Los Alamos National Laboratory
Lab Home  |  Phone
 
 
News and Communications Office home.story

Los Alamos Recovery Team Sets New Record

Contact: Nancy Ambrosiano, nwa@lanl.gov, (505) 667-0471 (04-305)

LOS ALAMOS, N.M., May 7, 2007 — With today's delivery of several small sealed radioactive sources from a company in California, a Los Alamos team has now recovered 15,000 unused or unwanted radioactive sources.

The source was recovered by a Los Alamos National Laboratory Off-site Source Recovery Project (OSRP) team representing the National Nuclear Security Administration (NNSA). For eight years, OSRP staff have traveled the country, collecting thousands of radioactive sources from warehouses, tool sheds, schools, and offices where they are no longer needed for industry or research.

The Off-site Source Recovery Project was initiated by the U.S. Department of Energy in 1999 as an environmental management project to recover and dispose of excess and unwanted sealed radioactive sources. The project was transferred in 2003 to NNSA's Office of Global Threat Reduction.

The 15,000th source came from an industrial-gauge manufacturer near Los Angeles that had used the measurement device to measure plastic and paper thickness during production, one of 306 unwanted sealed sources containing Americium at this one location. The sources, small tungsten-shielded, teardrop-shaped items, each contain about 150 millicuries of Americium-241. The OSRP team verified and packaged the sources, then loaded them into a special drum for shipment to Los Alamos, where they are stored prior to approval of the drum for disposition at DOE's Waste Isolation Pilot Plant southeast of Carlsbad, New Mexico.

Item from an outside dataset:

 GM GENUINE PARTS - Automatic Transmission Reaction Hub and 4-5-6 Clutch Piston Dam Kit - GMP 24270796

Radioactive sealed sources packaged by NNSA's OSRP include more than 15,000 curies of Americium-241, 10,000 curies of Plutonium-238, and 10,000 grams of Plutonium-239, collected from more than 600 sites. The sealed sources were once used in applications ranging from nuclear-powered cardiac pacemakers to gauges used in the manufacture of paper.

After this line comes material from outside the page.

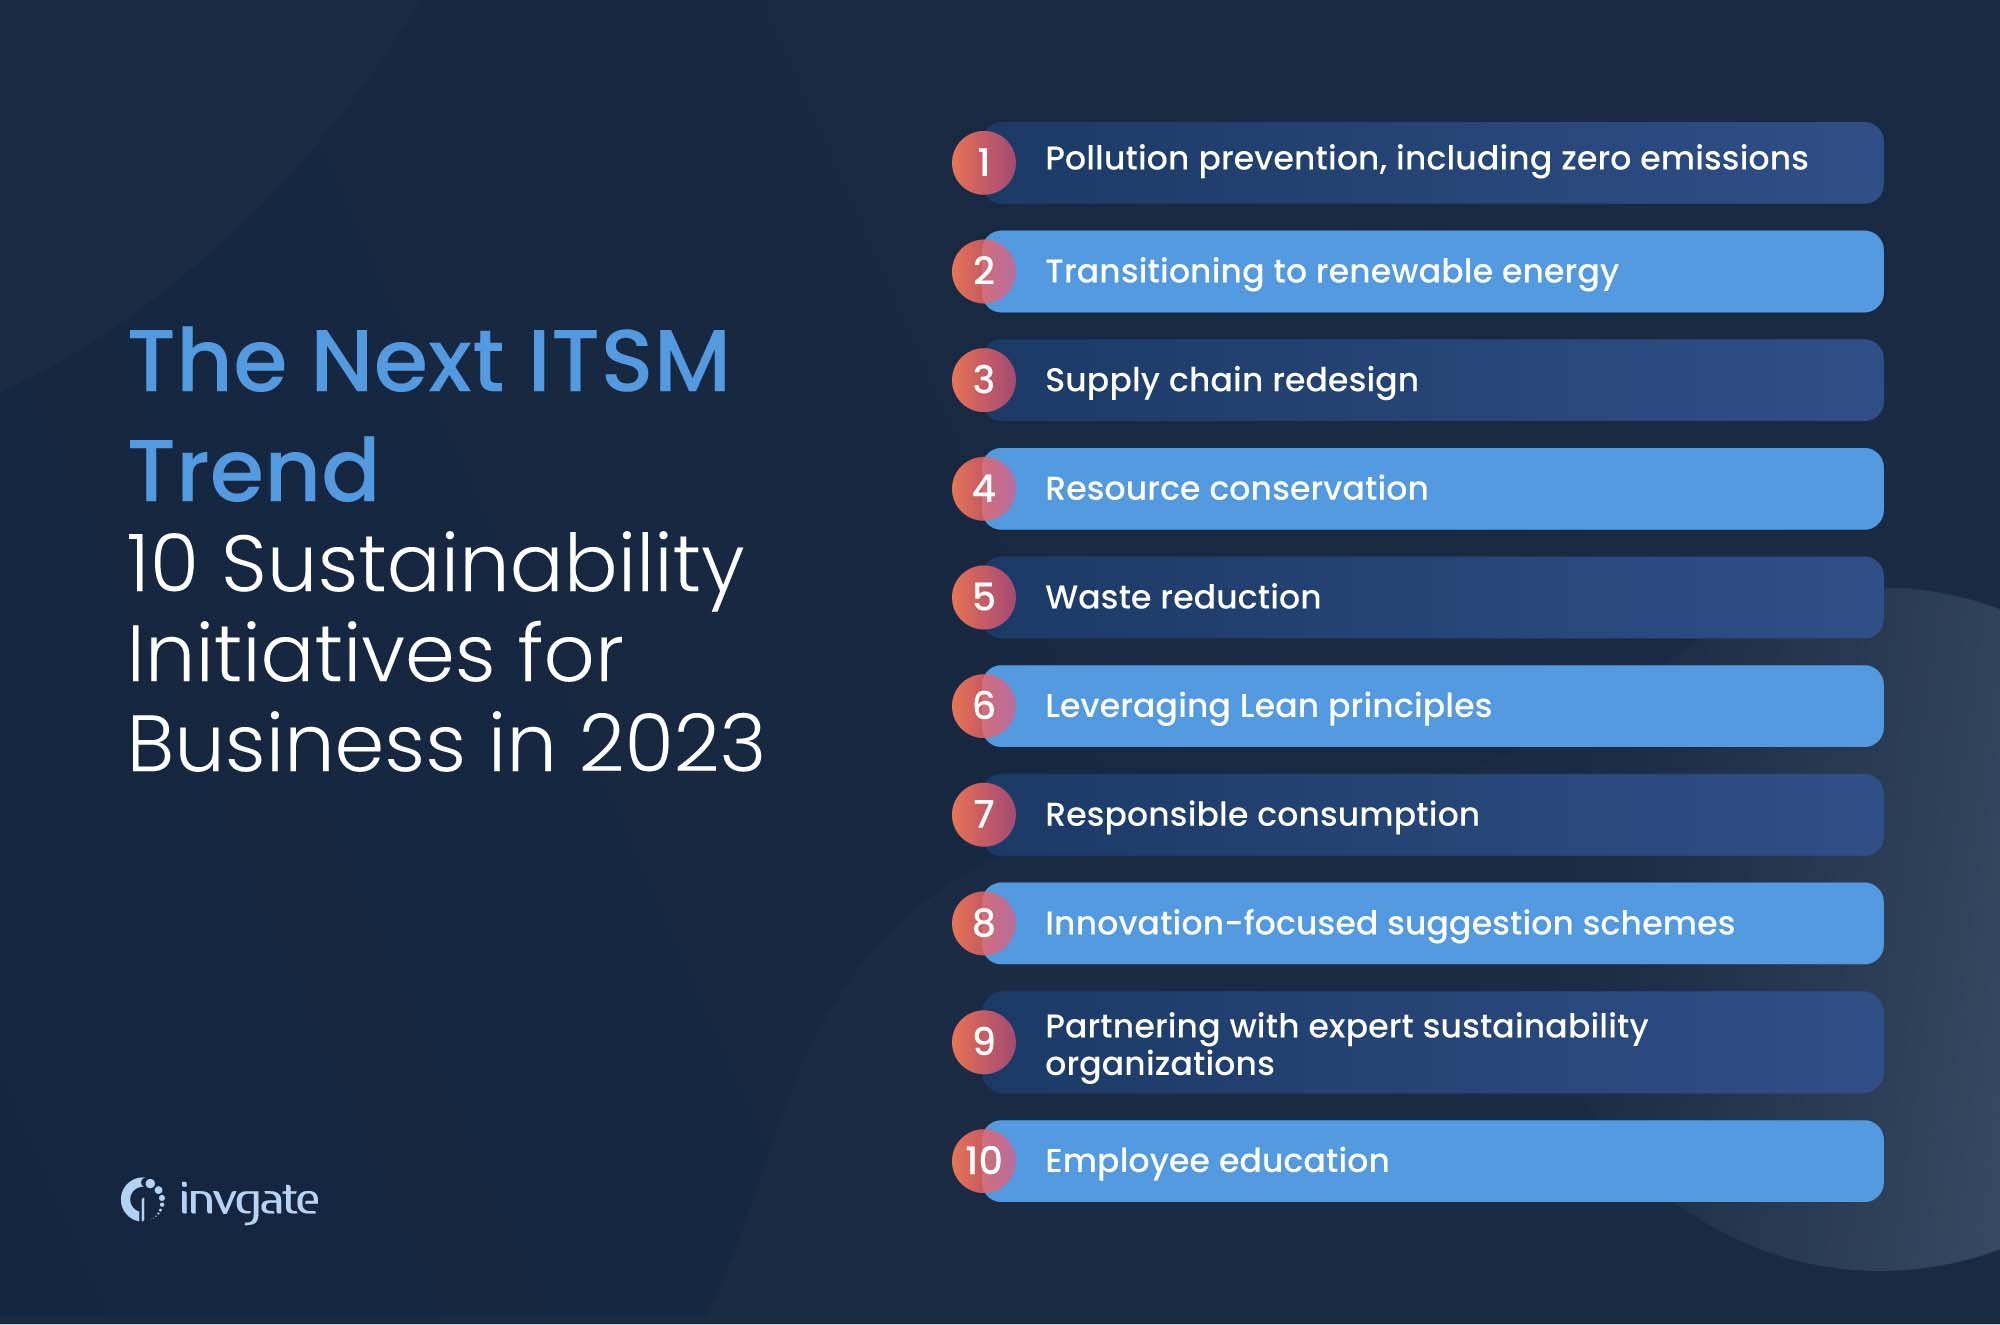 List of 10 sustainability initiatives for business in 2023.

"The OSRP has achieved the goal of providing an end-of-life disposition pathway for the sealed-source life cycle in the U.S., including sources for which no disposal pathway previously existed," said Project Leader Julia Whitworth of the Laboratory's Nuclear Nonproliferation Division. "The team's efforts guarantee continued medical and other beneficial uses of sealed sources but solve the
disposition problem of unwanted sources for future generations."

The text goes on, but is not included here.